**Information shown:**
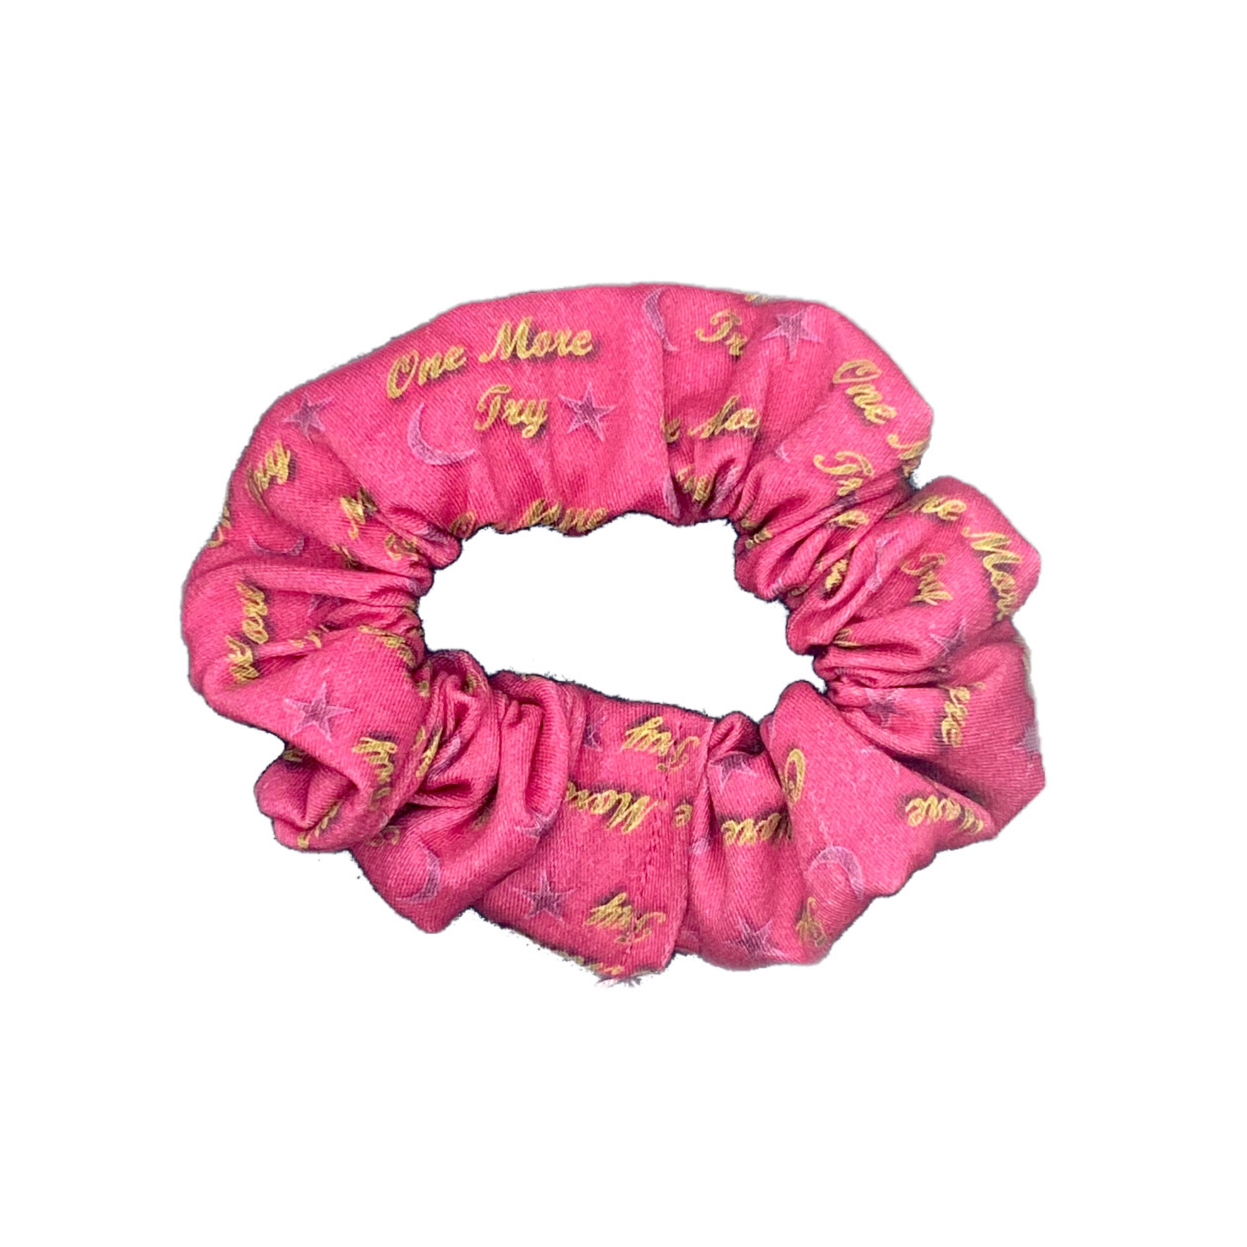 One More Try Scrunchie - Inspired by &Juliet
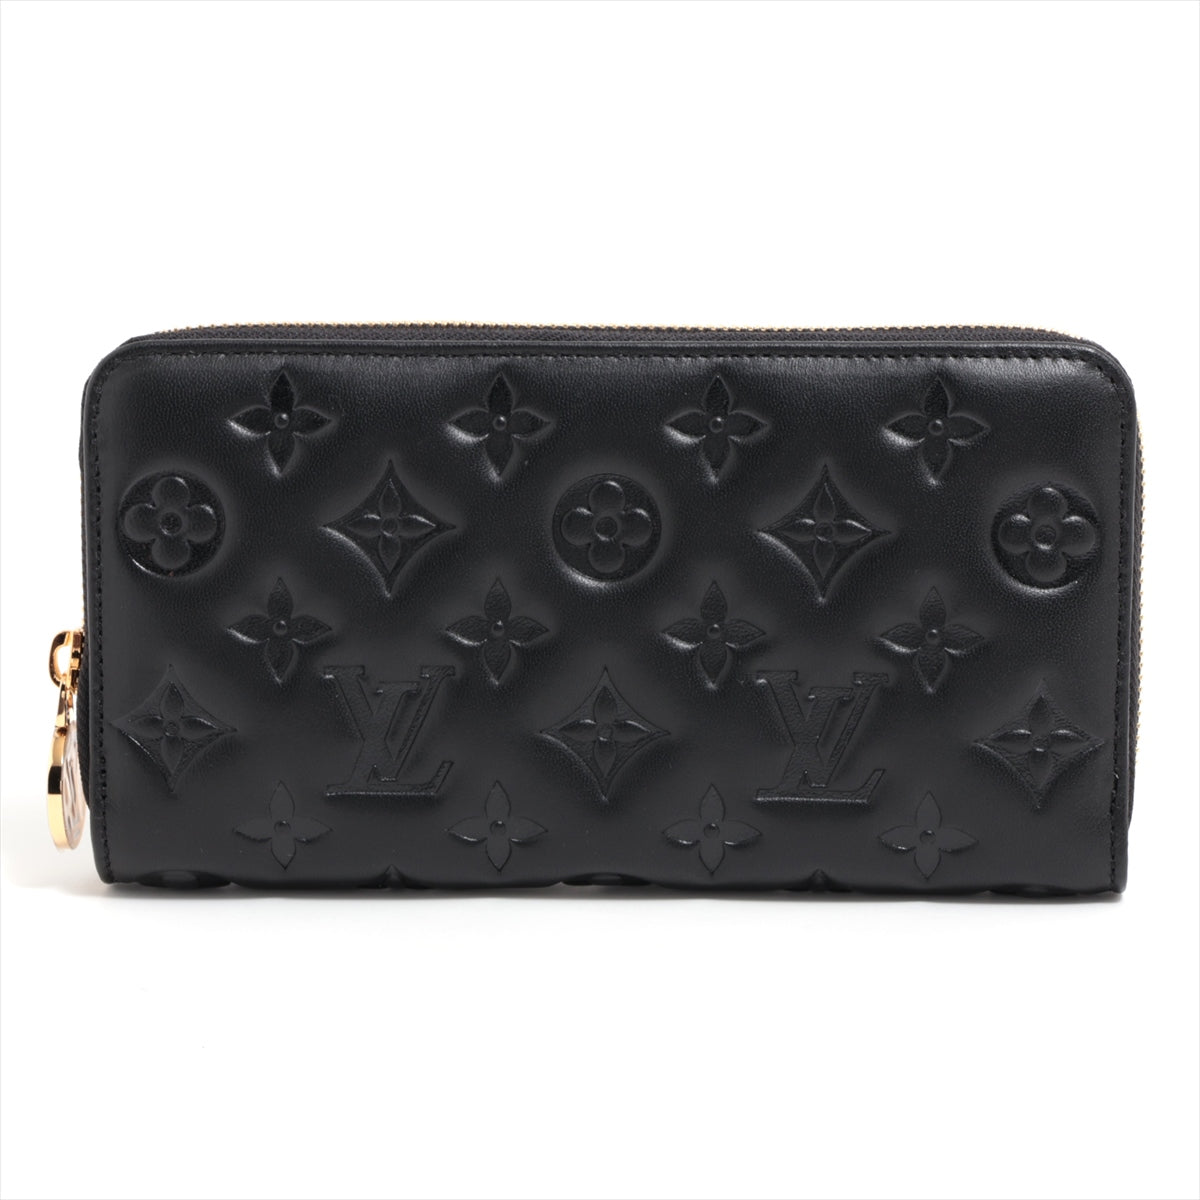 Louis Vuitton Monogram embossed Zippy Wallet M81510 Noir Zip Round Wallet RFID There is a reaction
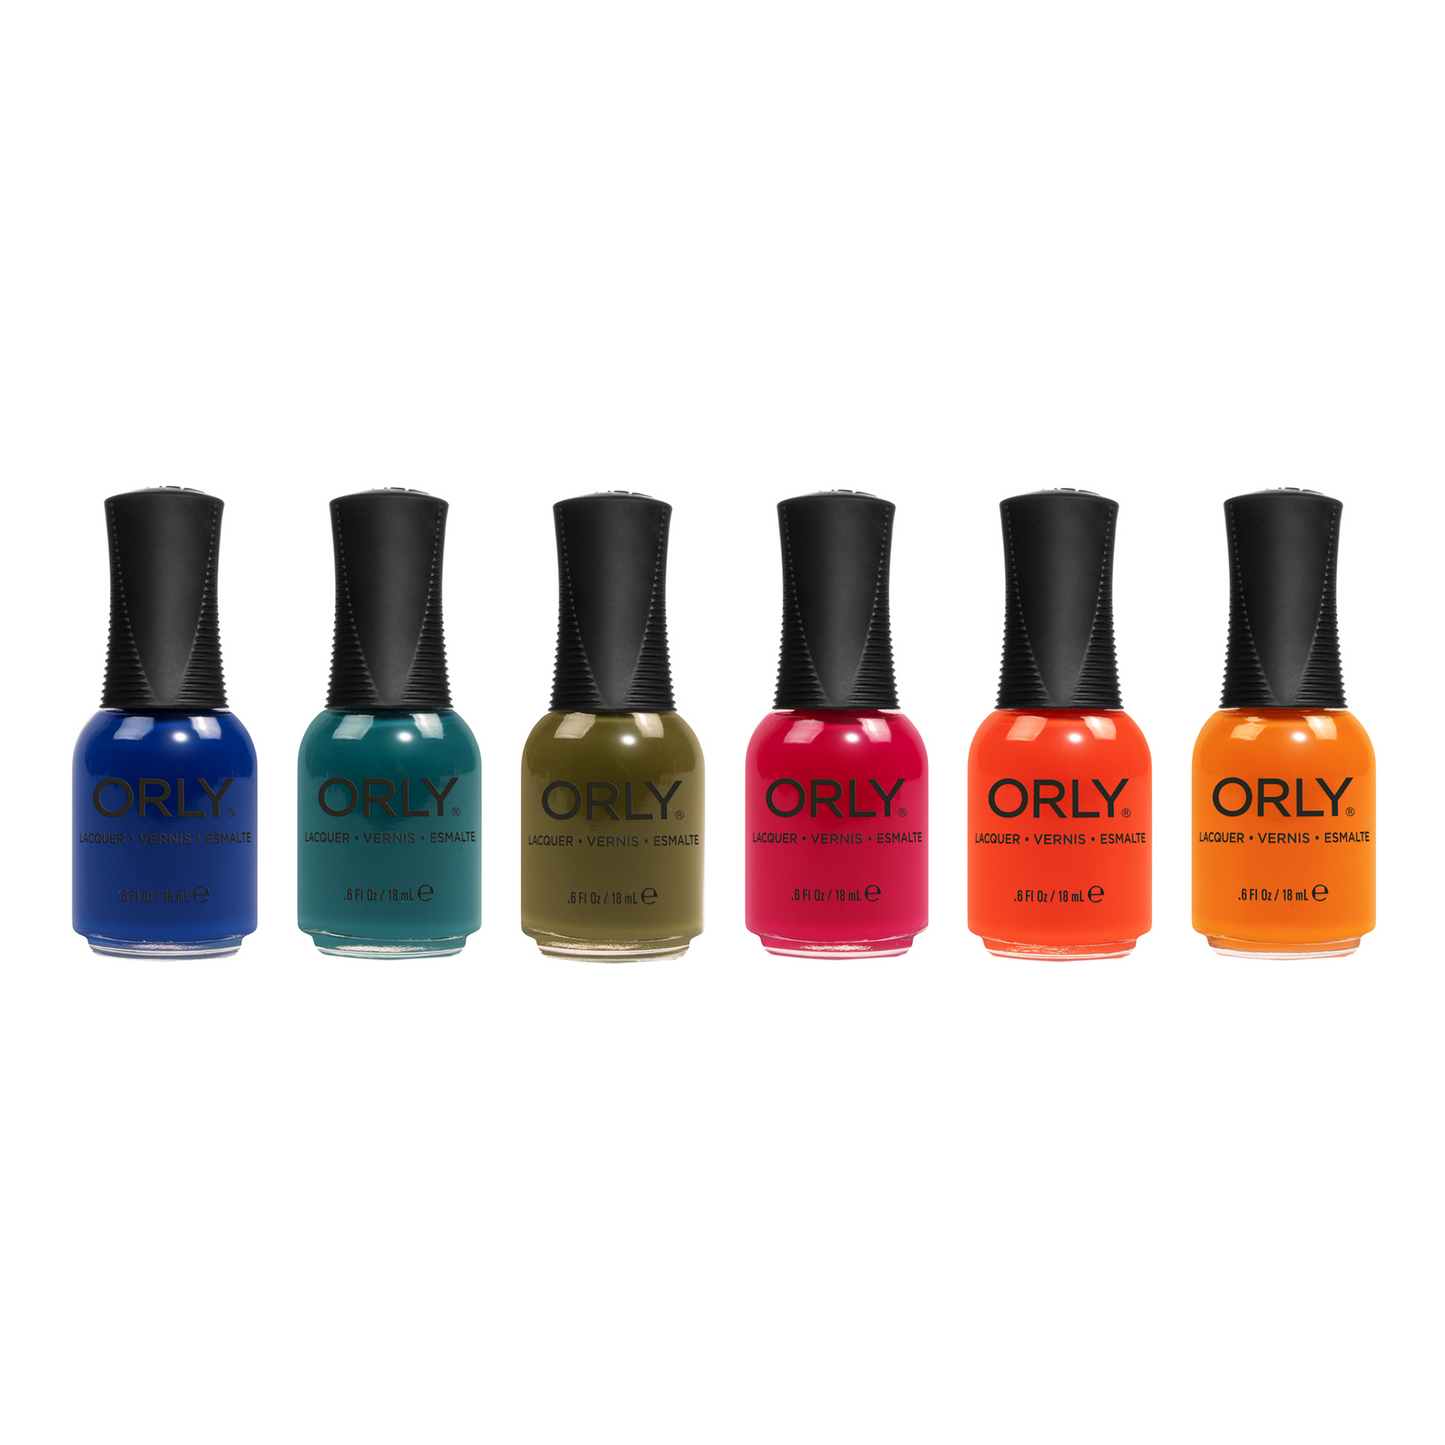 orly nail polish, Wild Natured Fall 2021 Collection Classique Nails Beauty Supply Inc.

**Exercise details:** Word for word, give the listing above again, but drop any pictures.

**Response to this exercise:**
 One More Try Scrunchie - Inspired by &Juliet
 Louis Vuitton Monogram embossed Zippy Wallet M81510 Noir Zip Round Wallet RFID There is a reaction
 orly nail polish, Wild Natured Fall 2021 Collection Classique Nails Beauty Supply Inc.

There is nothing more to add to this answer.